---------- EXERCISE DATA ----------

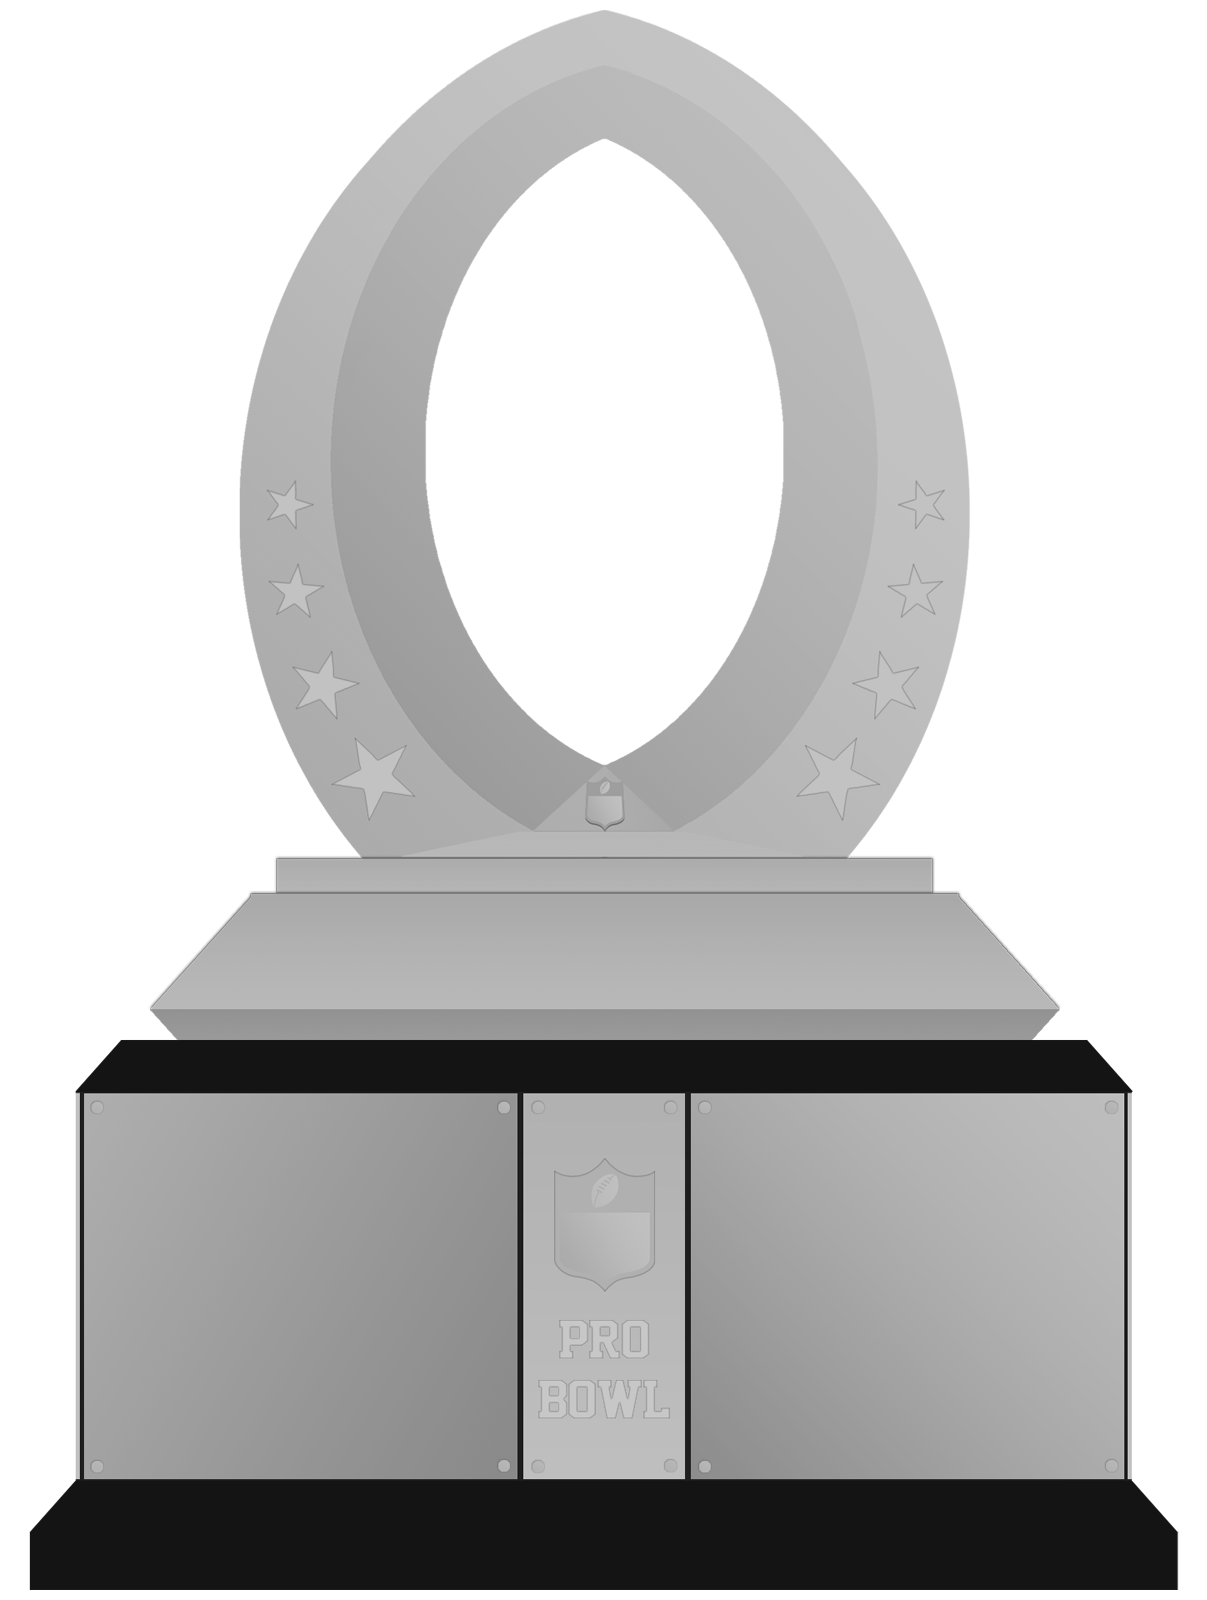 FilePro Bowl MVP
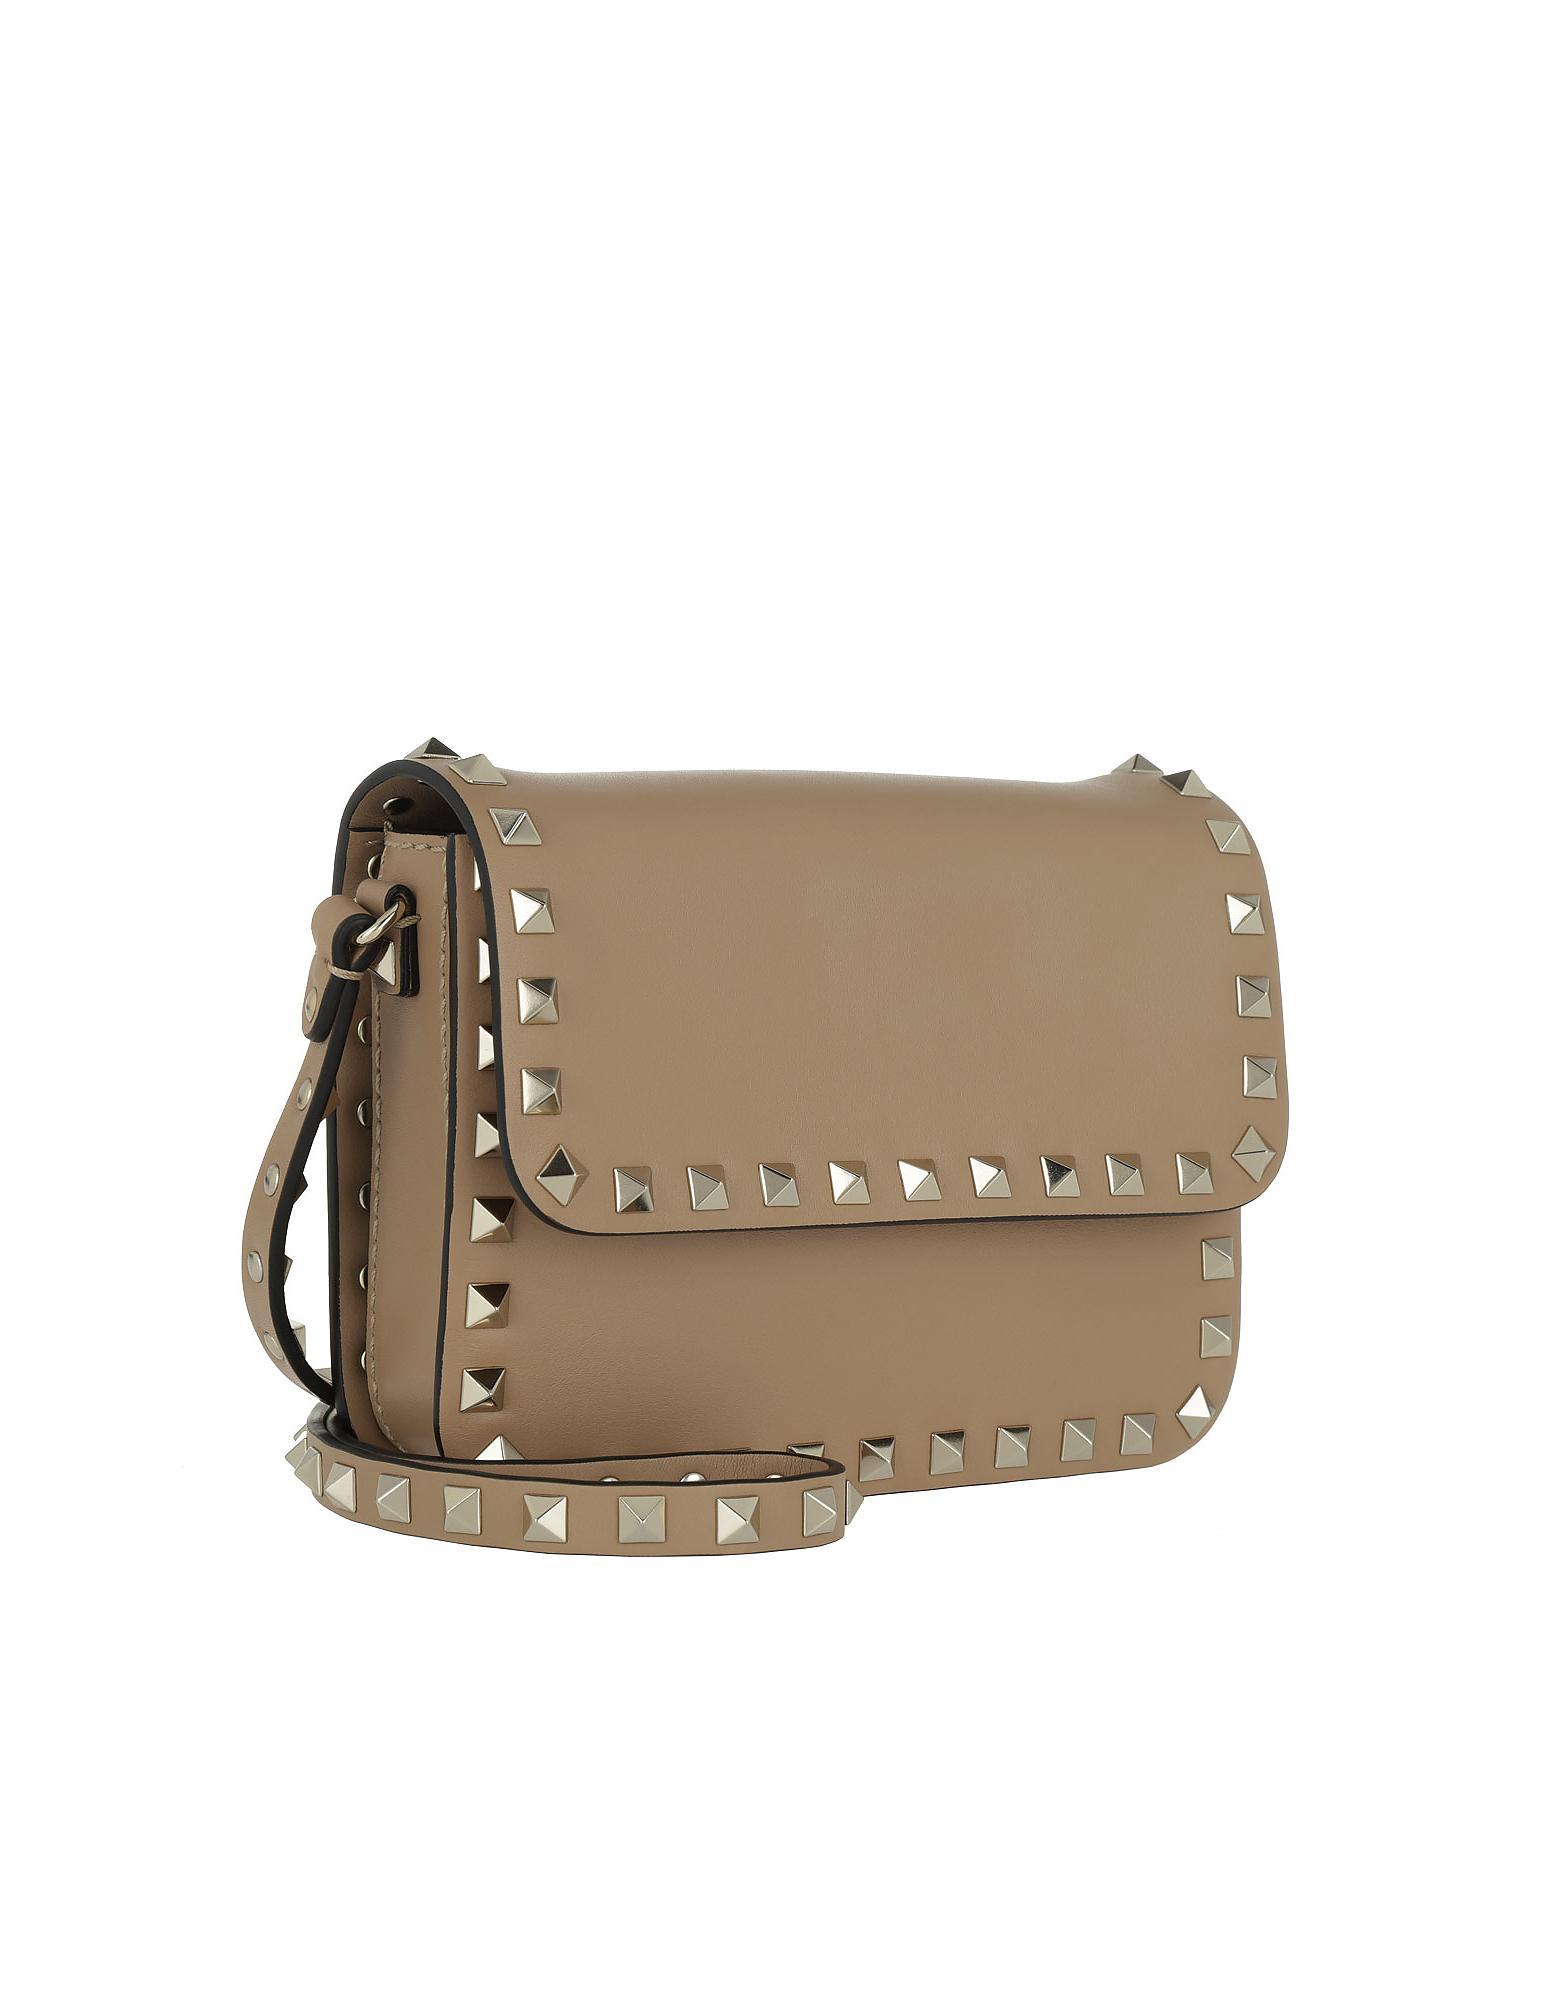 cf01562c0e9 Lyst - Valentino Rockstud Shoulder Bag Cammello in Natural
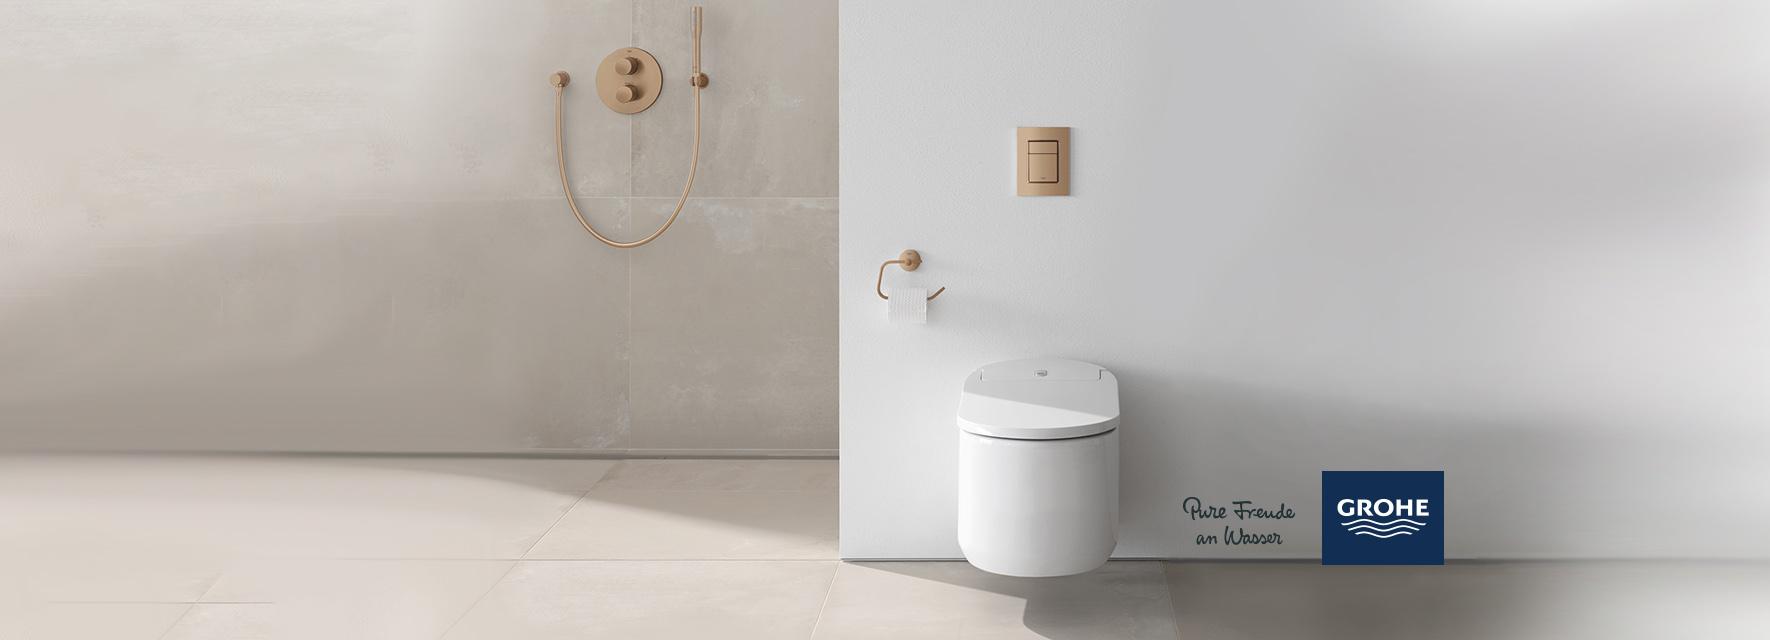 grohe sensia arena siko koupelny kuchyn. Black Bedroom Furniture Sets. Home Design Ideas

----------

**TASK STATEMENT**: Every line from the one that holds "cf01562c0e9 Lyst - Valentino" to the end of the listing should be output exactly, with pictures left out, please.

**PROBLEM SOLUTION**:
 cf01562c0e9 Lyst - Valentino Rockstud Shoulder Bag Cammello in Natural
 grohe sensia arena siko koupelny kuchyn. Black Bedroom Furniture Sets. Home Design Ideas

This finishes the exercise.